Fairness metrics conflict in general — choosing one is a policy decision, not purely technical.


Explainability methods

Method Scope Agnostic? Notes
SHAP Local + global aggregates Model-agnostic (with appropriate explainers) Shapley-based attributions
LIME Local Yes Perturbation around instance
Partial dependence Global marginal effects Usually model-agnostic Assumes feature independence (watch correlated features)
Feature importance Global Tree-native or permutation Can hide interaction effects
Attention weights Local (tokens/regions) Transformer-specific Not always faithful “explanation”
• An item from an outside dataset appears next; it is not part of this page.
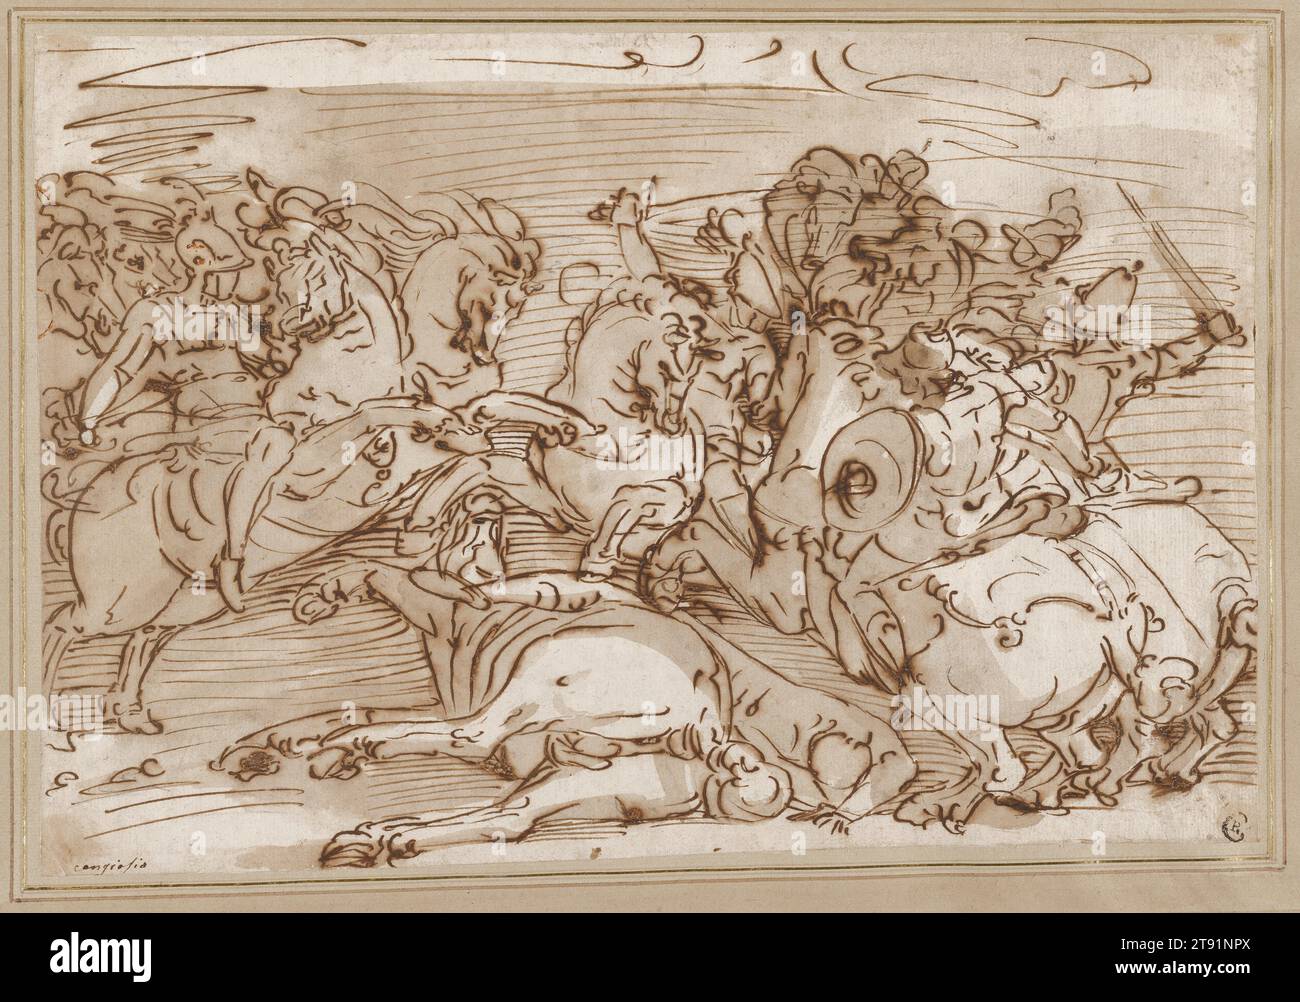 Fighting Horsemen, c. 1565-1566, Luca Cambiaso ou son atelier, italien (Gênes), italien (Gênes), 1527 - 1585, 9 1/2 x 13 7/8 po. (24,13 x 35,24 cm) (feuille)19 3/4 × 23 3/4 po (50,17 × 60,33 cm) (cadre extérieur), stylo et encre brune et brun lavis sur craie noire, Italie, 16e siècle, le dessinateur virtuose Luca Cambiaso était le principal artiste de Gênes du 16e siècle. Il était si prolifique que sa femme et son serviteur auraient allumé le feu avec ses dessins. Malgré cela, des milliers d'études de sa main survivent, plus que par tout autre artiste de la Renaissance Banque D'Images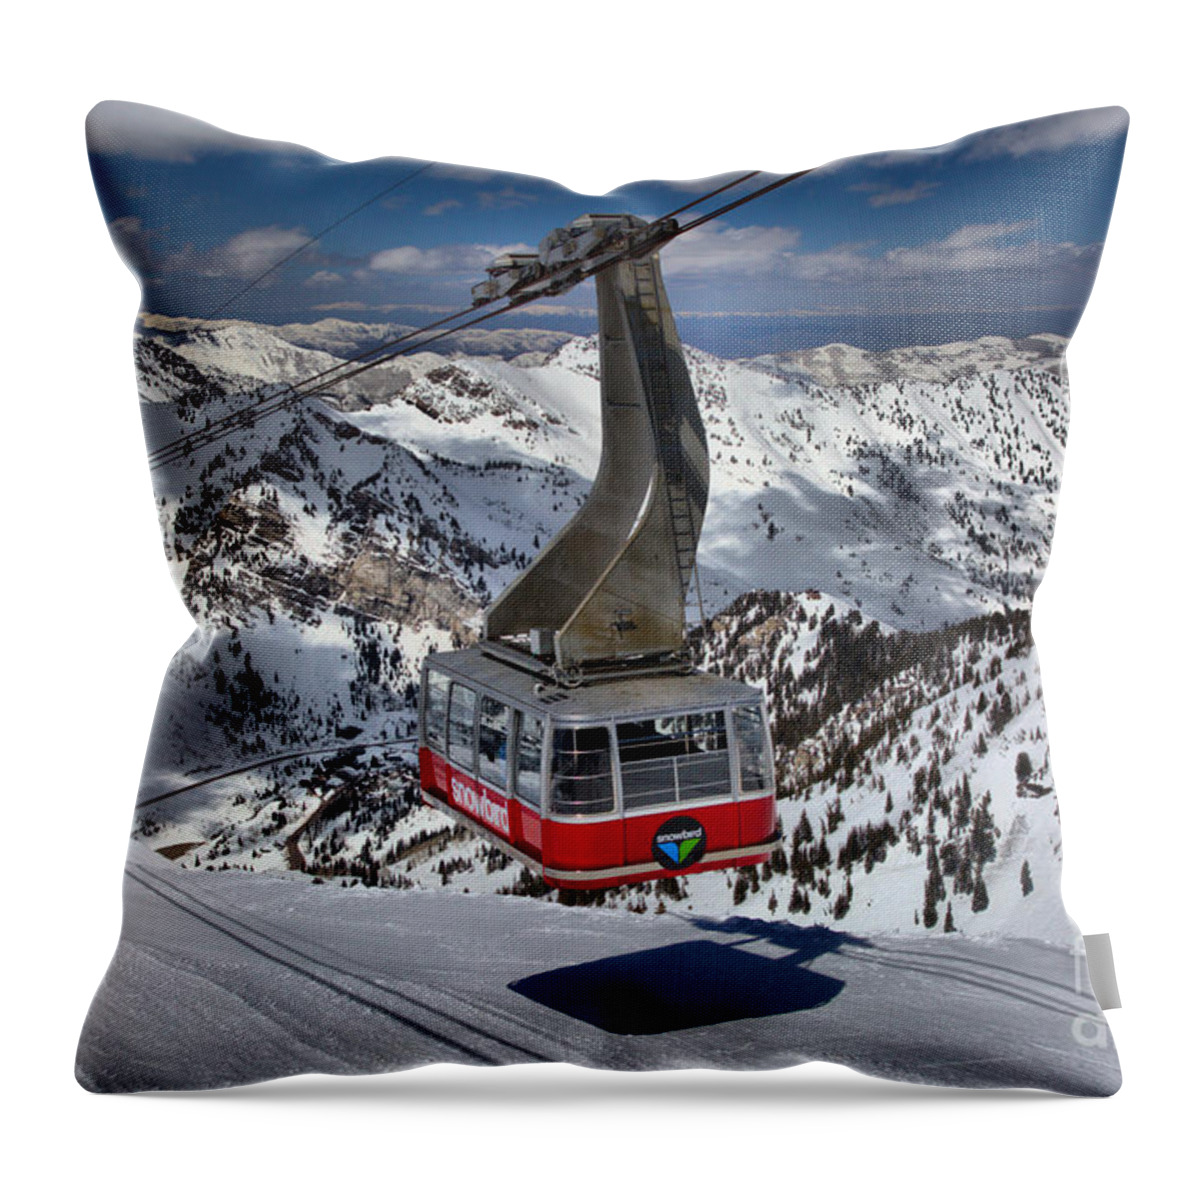 Snowbird Tram Throw Pillow featuring the photograph Snowbird Tram Approaching Hidden Peak by Adam Jewell

Model selection trade-offs

Criterion Question
Accuracy / calibration Does it meet metric bars on valid slices?
Interpretability Can operators trust and debug it?
Latency p50/p99 within SLA?
Cost Training + inference $ acceptable?

Treat these as a constraint satisfaction problem: hard gates (latency, compliance) then optimize within the feasible set.


Production evaluation patterns

Pattern Idea Comparison
A/B test Split users; compare KPIs Gold standard for causal product impact; needs power
Shadow mode New model scores but does not act Safe comparison of distributions
Interleaving Interleave ranked lists Sensitive ranking comparison
Bandits Allocate traffic by ongoing performance Exploration vs exploitation

Anti-patterns

Anti-pattern Why it hurts
Single metric obsession Hides harm to subgroups or rare failures
Leakage in validation Same preprocessing fit on all data; group leakage
Overfitting the validation set Repeated peeking drives hyperparameters to noise
Ignoring fairness Legal, ethical, and product risk

External references

  • scikit-learn metrics — classification, regression, scoring API.
  • Zheng — Evaluating Machine Learning Models — offline vs online evaluation framing.
  • Barocas, Hardt, Narayanan — Fairness and Machine Learning — limitations of metrics.
  • SHAP documentation — explainers and plots.

Keep project-specific model documentation in docs/product/ and experiment logs in docs/development/, not in this file.